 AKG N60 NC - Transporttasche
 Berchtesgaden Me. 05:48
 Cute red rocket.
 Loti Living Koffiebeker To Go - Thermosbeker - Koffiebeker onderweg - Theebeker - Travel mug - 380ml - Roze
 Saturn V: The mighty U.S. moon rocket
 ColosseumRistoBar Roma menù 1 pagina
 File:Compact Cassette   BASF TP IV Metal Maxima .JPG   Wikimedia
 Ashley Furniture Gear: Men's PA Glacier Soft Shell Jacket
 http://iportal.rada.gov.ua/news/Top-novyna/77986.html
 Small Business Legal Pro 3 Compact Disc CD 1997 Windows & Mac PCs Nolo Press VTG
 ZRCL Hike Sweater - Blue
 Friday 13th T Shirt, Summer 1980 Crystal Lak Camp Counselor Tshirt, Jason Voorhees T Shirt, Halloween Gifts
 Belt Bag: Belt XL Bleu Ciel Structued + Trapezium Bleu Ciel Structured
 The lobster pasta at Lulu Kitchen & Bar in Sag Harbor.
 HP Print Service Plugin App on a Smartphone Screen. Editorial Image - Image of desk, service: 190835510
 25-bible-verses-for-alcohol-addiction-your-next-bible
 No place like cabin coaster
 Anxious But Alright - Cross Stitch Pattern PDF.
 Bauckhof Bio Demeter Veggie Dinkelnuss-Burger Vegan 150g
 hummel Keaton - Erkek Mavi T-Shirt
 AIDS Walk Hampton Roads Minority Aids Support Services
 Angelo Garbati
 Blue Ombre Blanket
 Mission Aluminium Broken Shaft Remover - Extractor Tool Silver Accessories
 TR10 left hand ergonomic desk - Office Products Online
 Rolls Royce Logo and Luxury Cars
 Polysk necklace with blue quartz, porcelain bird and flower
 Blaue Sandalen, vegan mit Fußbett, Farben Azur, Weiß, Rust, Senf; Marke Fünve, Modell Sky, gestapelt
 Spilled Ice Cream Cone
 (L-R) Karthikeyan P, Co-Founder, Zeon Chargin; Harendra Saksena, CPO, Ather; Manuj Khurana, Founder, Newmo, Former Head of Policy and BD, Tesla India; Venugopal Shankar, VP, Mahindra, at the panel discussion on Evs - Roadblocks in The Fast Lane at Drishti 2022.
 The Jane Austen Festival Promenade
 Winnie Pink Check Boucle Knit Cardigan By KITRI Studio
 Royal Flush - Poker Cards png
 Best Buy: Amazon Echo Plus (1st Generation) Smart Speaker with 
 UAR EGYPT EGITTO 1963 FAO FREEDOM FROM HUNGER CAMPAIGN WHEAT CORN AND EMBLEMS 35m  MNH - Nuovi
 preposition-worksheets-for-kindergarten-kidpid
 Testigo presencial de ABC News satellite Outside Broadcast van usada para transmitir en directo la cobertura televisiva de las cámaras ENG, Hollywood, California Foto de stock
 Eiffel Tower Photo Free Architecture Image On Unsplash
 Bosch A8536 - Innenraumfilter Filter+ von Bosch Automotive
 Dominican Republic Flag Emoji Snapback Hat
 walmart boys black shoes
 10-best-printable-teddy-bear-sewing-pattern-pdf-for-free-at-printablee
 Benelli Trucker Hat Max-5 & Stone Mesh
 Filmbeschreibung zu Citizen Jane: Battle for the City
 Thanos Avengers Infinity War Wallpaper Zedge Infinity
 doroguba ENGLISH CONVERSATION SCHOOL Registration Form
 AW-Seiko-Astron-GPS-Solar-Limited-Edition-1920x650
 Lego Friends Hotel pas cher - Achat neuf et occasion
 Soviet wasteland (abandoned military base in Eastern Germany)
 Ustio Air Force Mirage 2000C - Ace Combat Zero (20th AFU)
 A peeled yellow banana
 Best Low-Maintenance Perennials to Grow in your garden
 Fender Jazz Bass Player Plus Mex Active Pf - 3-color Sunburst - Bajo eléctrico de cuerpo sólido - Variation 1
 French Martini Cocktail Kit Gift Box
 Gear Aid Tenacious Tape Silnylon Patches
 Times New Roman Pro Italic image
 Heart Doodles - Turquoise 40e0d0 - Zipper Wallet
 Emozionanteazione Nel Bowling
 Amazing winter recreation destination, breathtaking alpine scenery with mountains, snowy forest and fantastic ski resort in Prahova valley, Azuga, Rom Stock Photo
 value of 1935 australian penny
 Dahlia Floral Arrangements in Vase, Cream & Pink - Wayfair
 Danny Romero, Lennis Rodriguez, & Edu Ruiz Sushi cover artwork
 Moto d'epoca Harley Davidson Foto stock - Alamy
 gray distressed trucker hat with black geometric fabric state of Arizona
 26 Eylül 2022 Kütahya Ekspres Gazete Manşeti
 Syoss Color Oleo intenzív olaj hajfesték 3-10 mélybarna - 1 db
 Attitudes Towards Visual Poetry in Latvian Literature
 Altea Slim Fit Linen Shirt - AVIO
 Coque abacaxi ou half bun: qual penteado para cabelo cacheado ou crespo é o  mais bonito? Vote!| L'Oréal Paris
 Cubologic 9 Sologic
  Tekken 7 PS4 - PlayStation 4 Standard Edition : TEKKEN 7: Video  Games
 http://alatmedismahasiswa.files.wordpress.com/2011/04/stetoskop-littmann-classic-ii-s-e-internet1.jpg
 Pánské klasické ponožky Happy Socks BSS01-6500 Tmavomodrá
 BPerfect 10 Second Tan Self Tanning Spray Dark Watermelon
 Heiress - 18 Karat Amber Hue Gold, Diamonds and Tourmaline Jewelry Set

▶ TASK DIRECTIONS: Search the listing above for the string "Shirt" and copy each line that has it.

▶ RESPONSE AREA:
 Friday 13th T Shirt, Summer 1980 Crystal Lak Camp Counselor Tshirt, Jason Voorhees T Shirt, Halloween Gifts
 hummel Keaton - Erkek Mavi T-Shirt
 Altea Slim Fit Linen Shirt - AVIO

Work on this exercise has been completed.